● **Your goal**
Set down each line of the material that follows, exactly, with no pictures.

● **Data below**

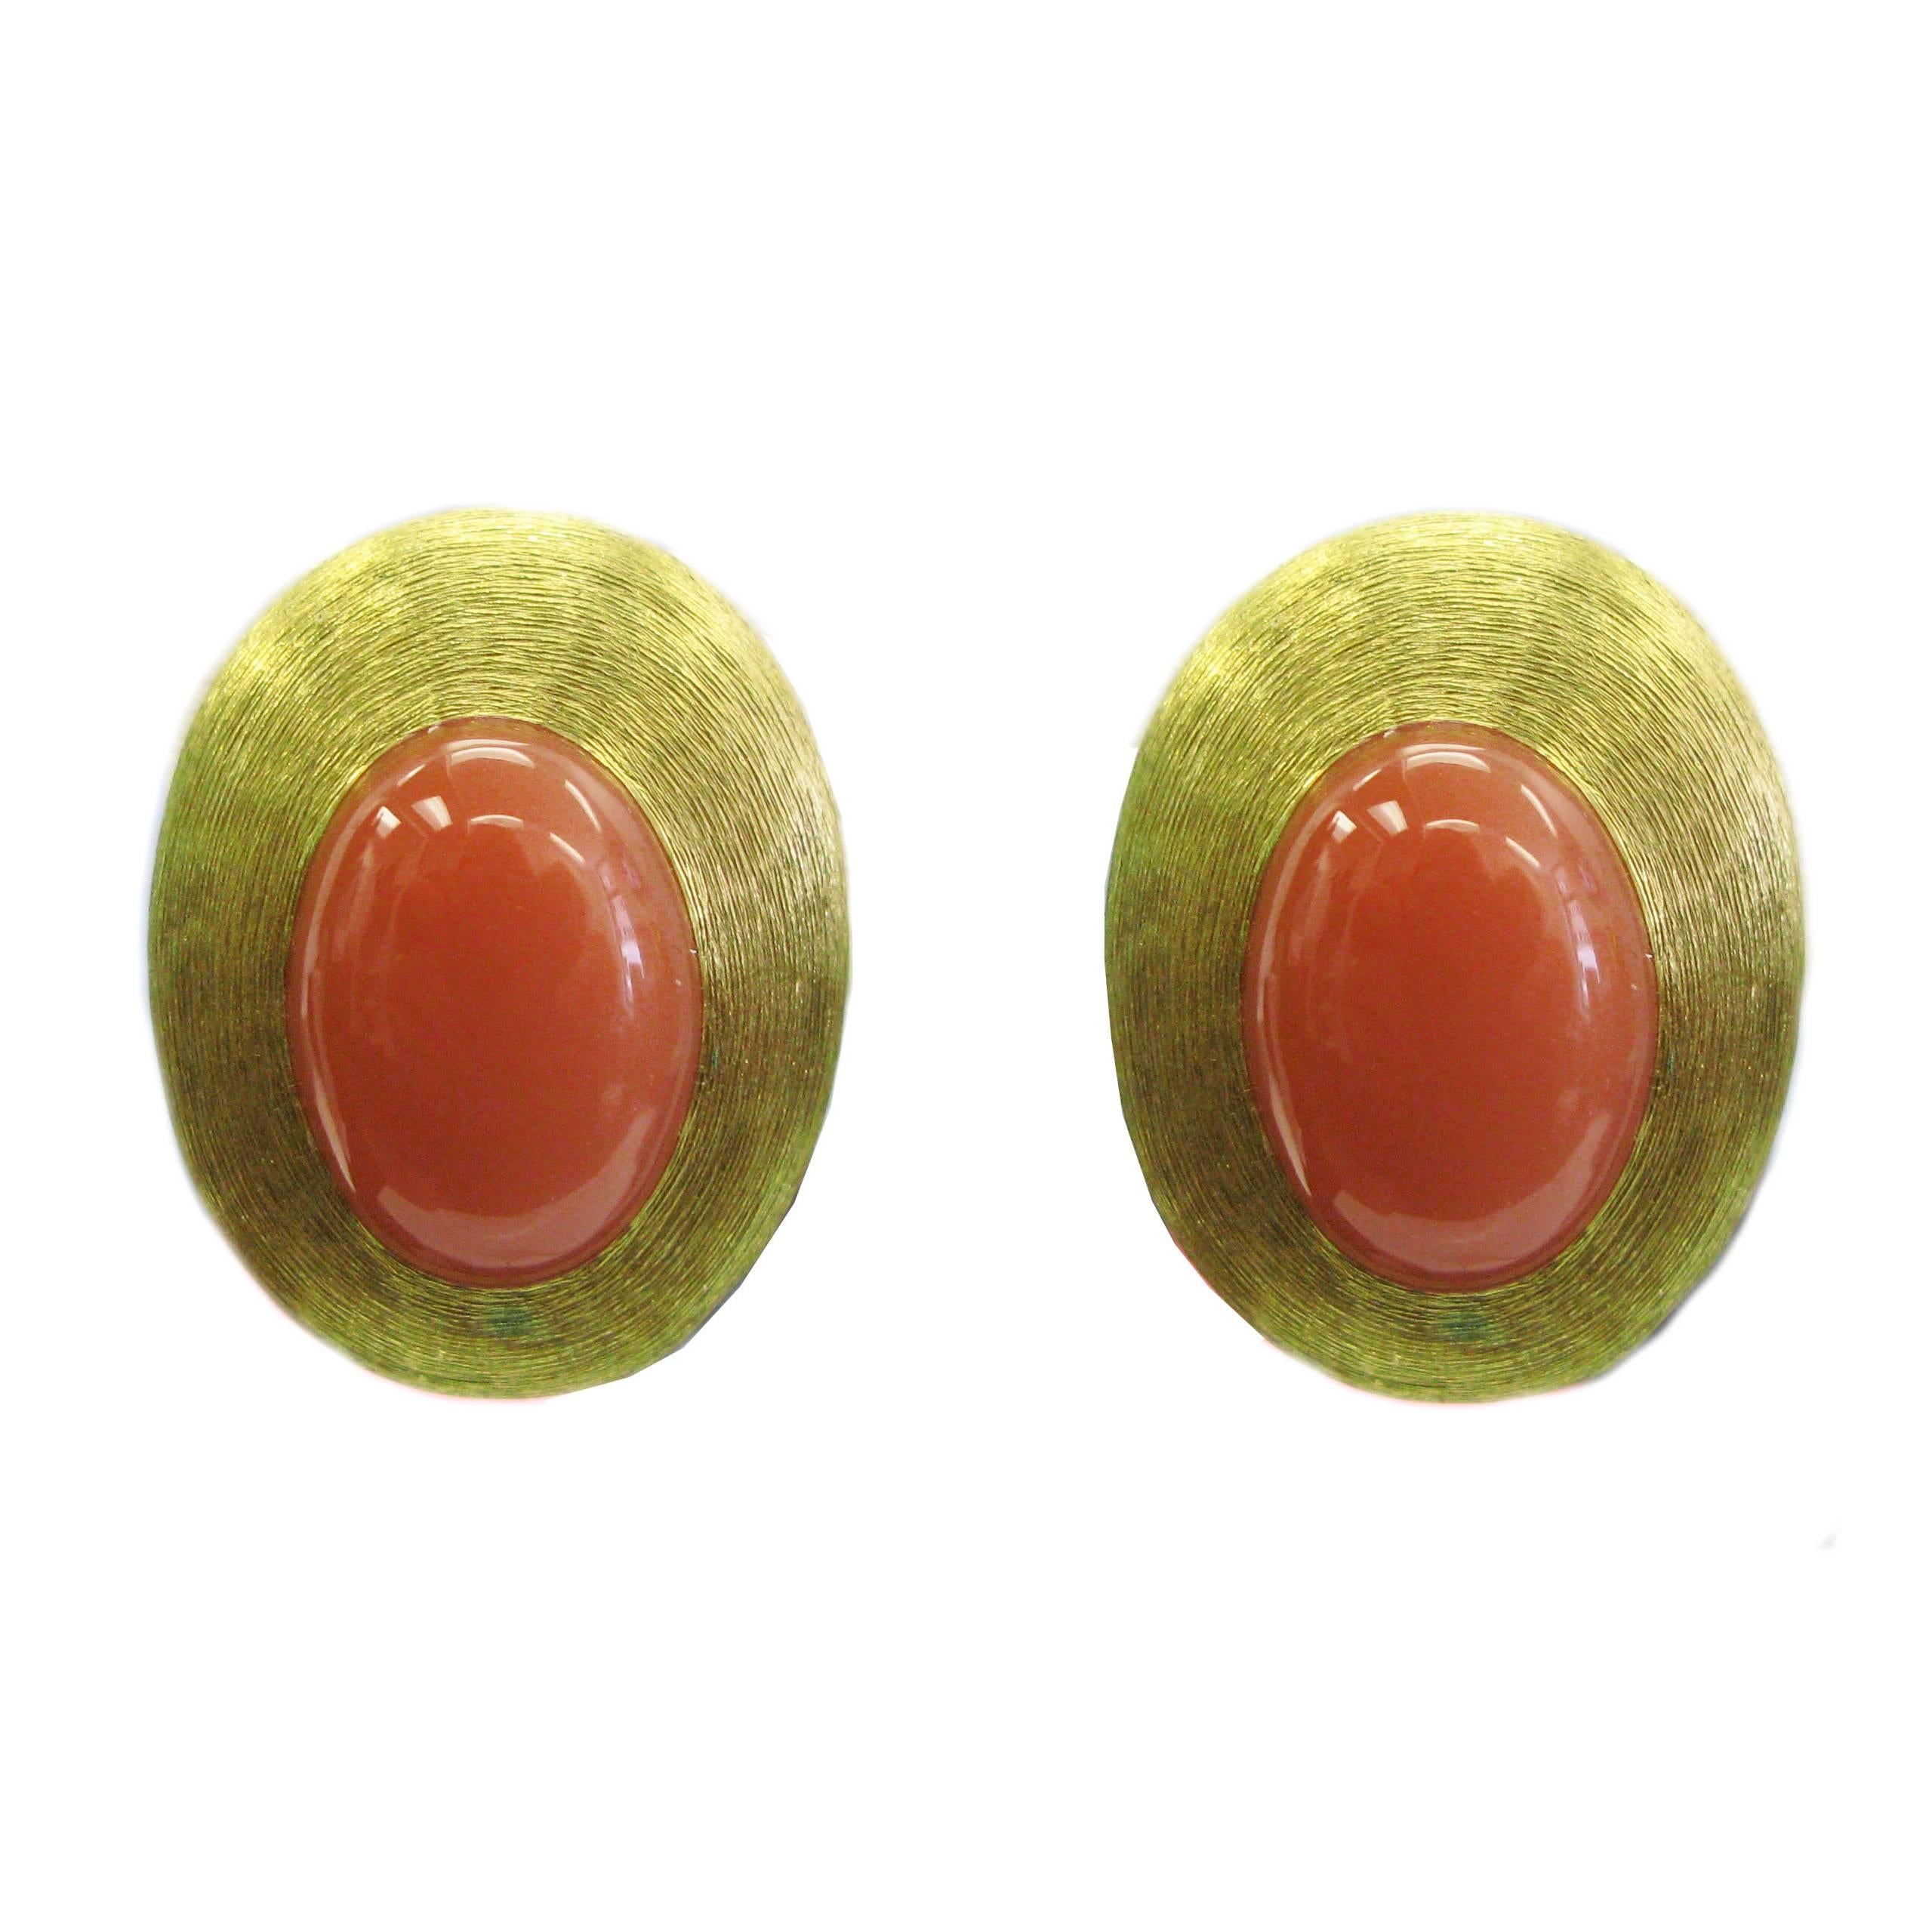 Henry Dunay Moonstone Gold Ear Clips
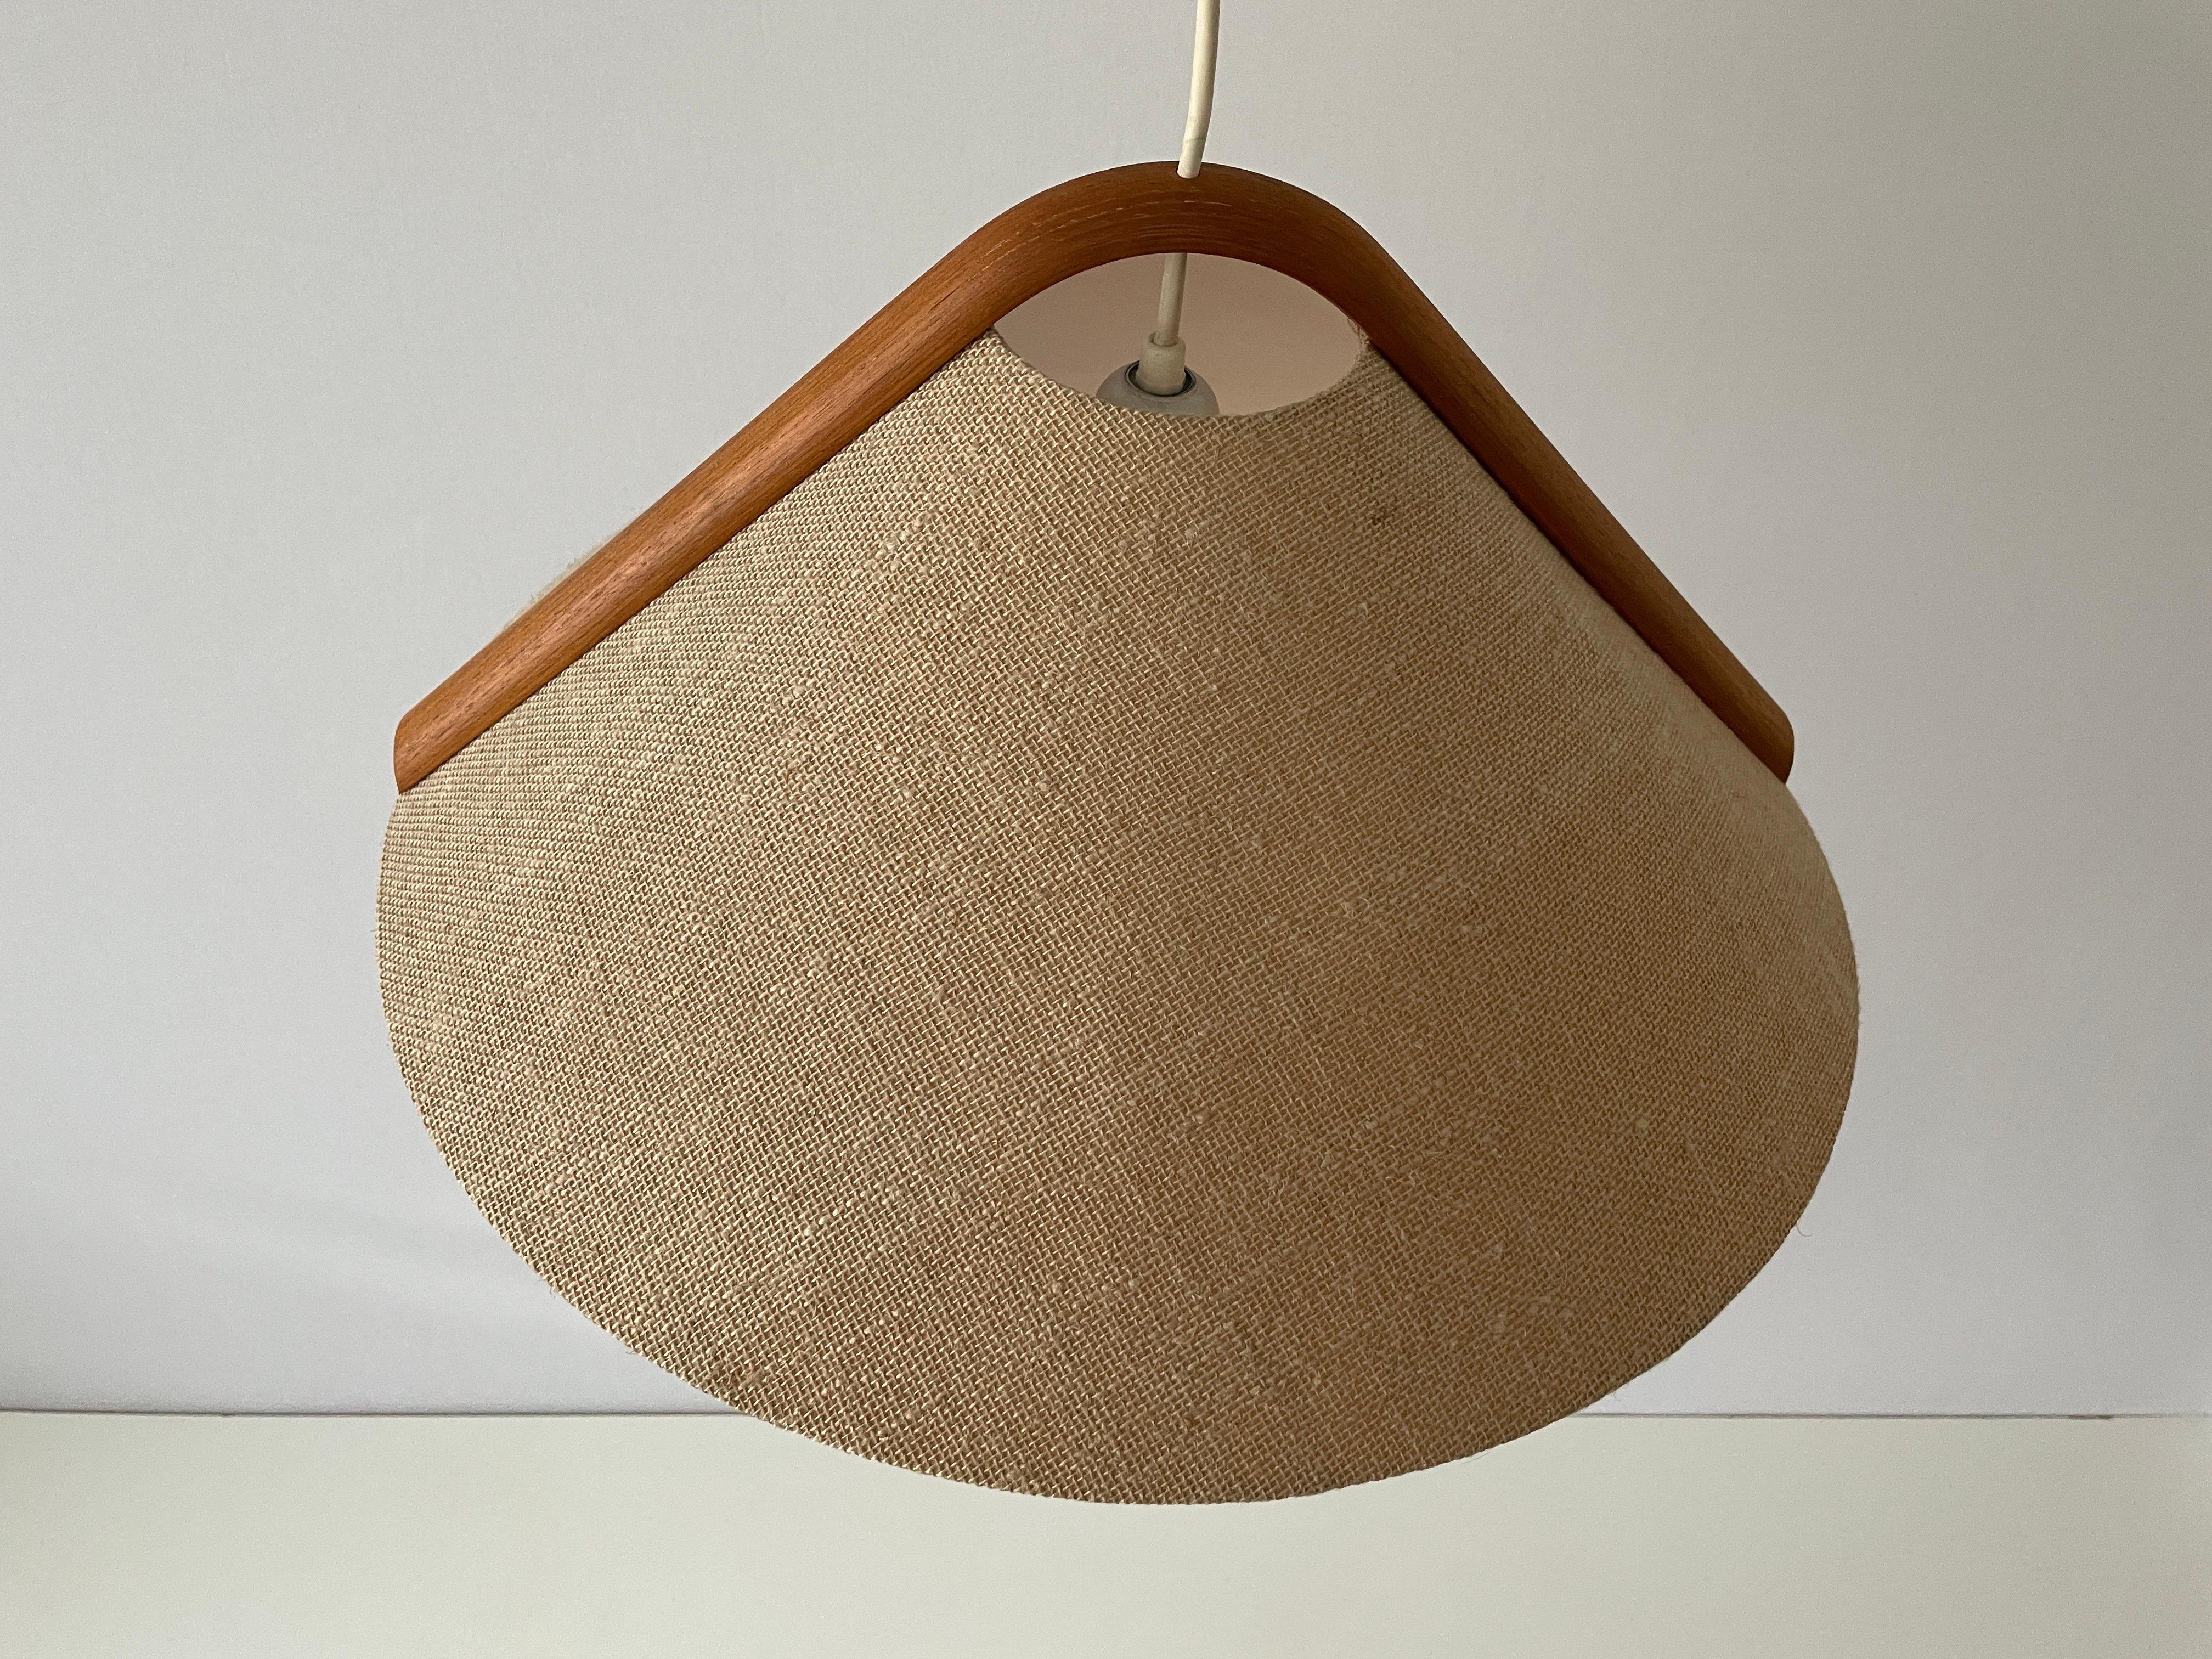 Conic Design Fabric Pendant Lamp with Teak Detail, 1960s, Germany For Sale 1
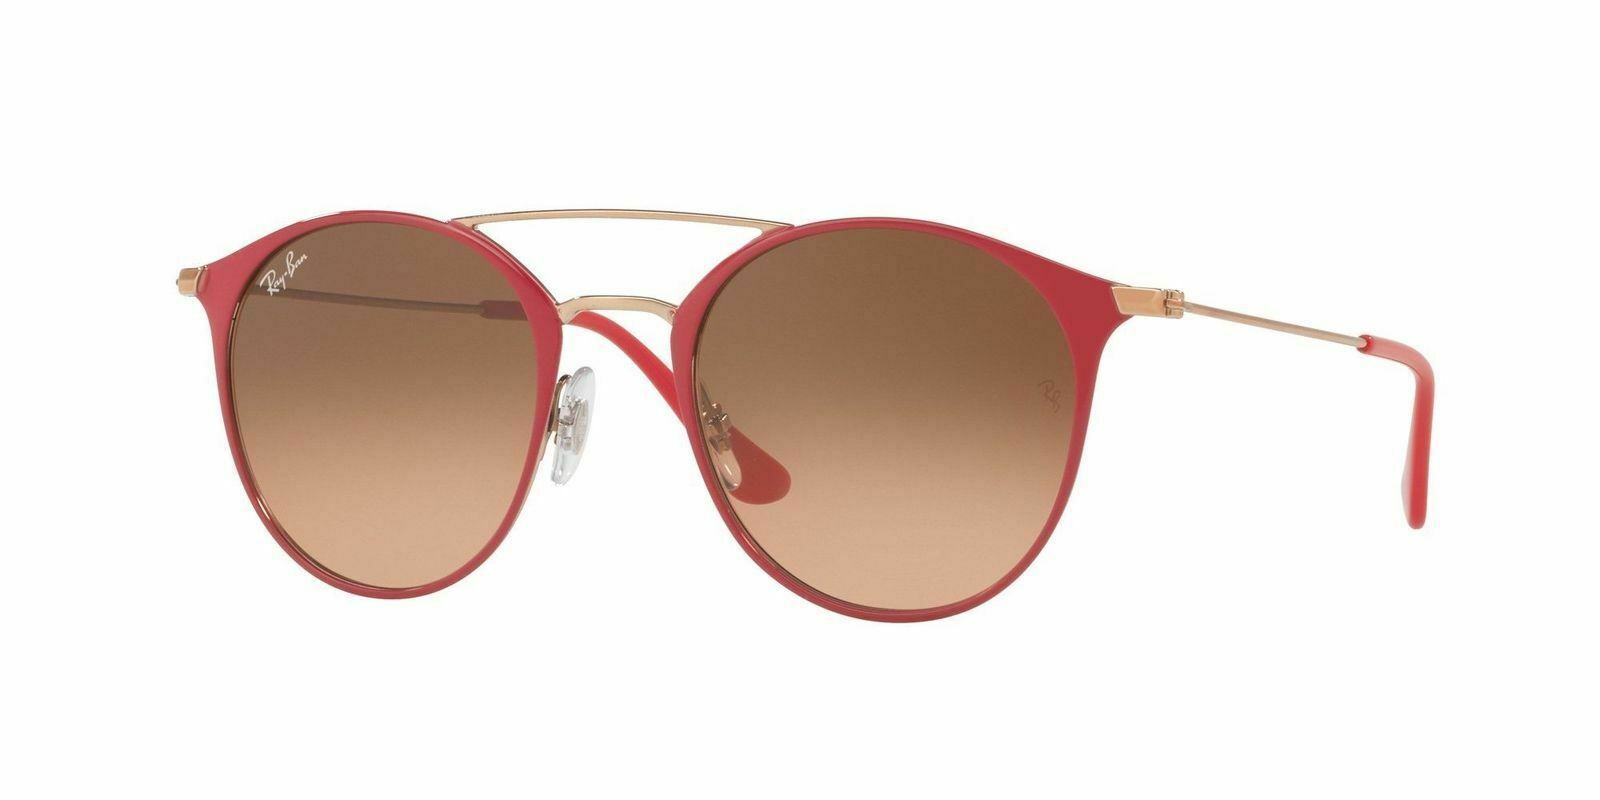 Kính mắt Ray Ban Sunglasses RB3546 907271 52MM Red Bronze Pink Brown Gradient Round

● **Output below**
 Henry Dunay Moonstone Gold Ear Clips
 Conic Design Fabric Pendant Lamp with Teak Detail, 1960s, Germany For Sale 1
 Kính mắt Ray Ban Sunglasses RB3546 907271 52MM Red Bronze Pink Brown Gradient Round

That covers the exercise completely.